The Lancaster test cluster runs using torque, interfacing with a DPM SE, so other batch/storage combinations are not as well tested.

Glexec support is also on the roadmap, and the tarball is available in cvmfs (although the version in cvmfs lags the main version by a couple of days).

The EMI2 SL5 version of the tarball has passed staged rollout and is officially "production ready".

Format

Similar to the gLite tarball, the EMI2 tarball is split into two parts: the core EM2 components drawn from epel and the EMI2 repos, and the additional dependencies for these components drawn from the OS repos. These are kept separate so that sites that can install the OS components on their machines (rather then have the tarball provide them) can do so.
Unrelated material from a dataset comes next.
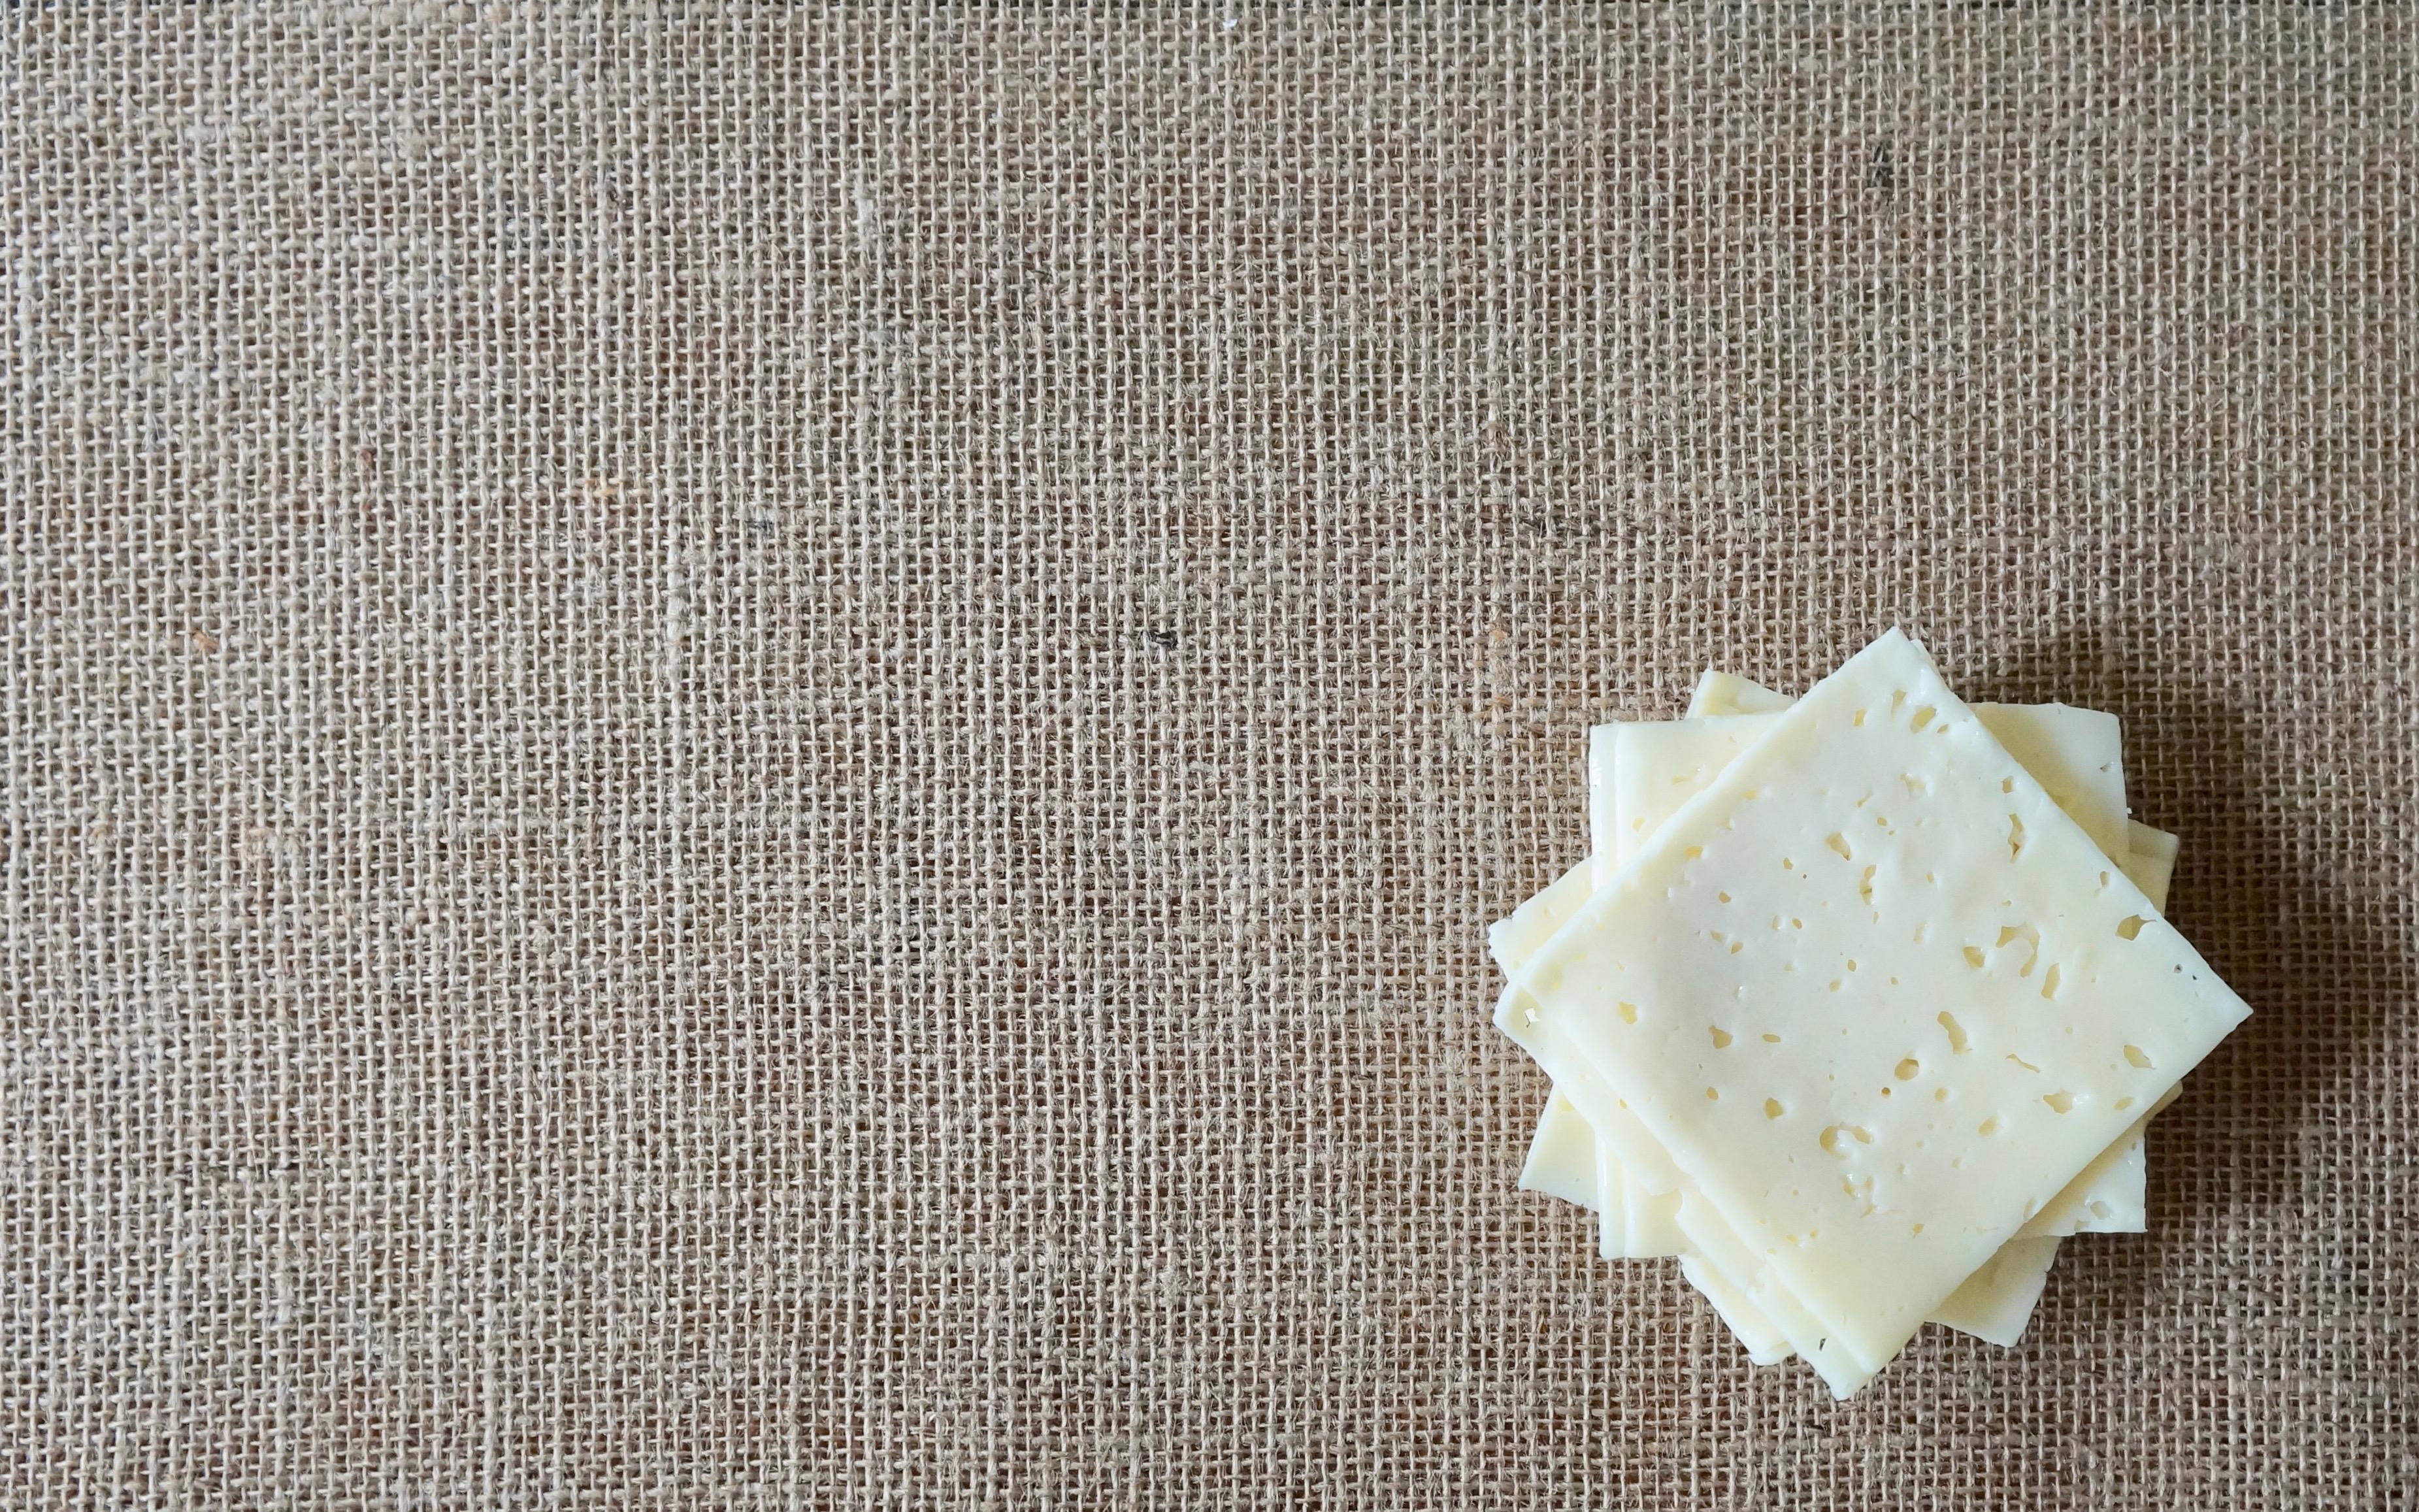 The Essential Guide To Swiss Cheese Rebecca Gordon Publisher Buttermilk Lipstick Culinary Entertaining Techniques Alpine Cheese RebeccaGordon Birmingham Alabama

In essence the tarballs are unpacked rpms with a few additional steps taken to ensure that they work in a relocatable format.

OS tarball production

The "os" tarball is produced using the dependency list generated on an SL5 machine installed using a minimal install, with the only other package installed being yum-utils. Lighter workernode installations (or other distros) might need additional packages installed, or a custom tarball built (once the tools are available, more on this later), but we hope to have mader this tarball as universal as possible. In addition to these rpms a small handful have been added by hand, to maintain coherency with the gLite tarball. Additional packages to be included or distros to be supported will depend in part on user feedback.

Tarball toolkit

Eventually we aim to release a DIY toolkit, allowing users to produce their own tarball. The general plan will be for users to run the build script on an example workernode, ensuring that nothing is missed. This would also be a possible solution for sites running an odd distro. However our current efforts are focused on releasing production ready tarballs.

Tarball download and setup

Downloads

The official place to get either the production or test releases of the UI and WN tarballs is the EGI repository:</br> http://repository.egi.eu/mirrors/EMI/tarball/

(currently only the SL5 version of the EMI2 emi-wn tarball has passed staged rollout, so the production branch is a little empty)

There is also a scripts directory containing environment setup example (current version is v7).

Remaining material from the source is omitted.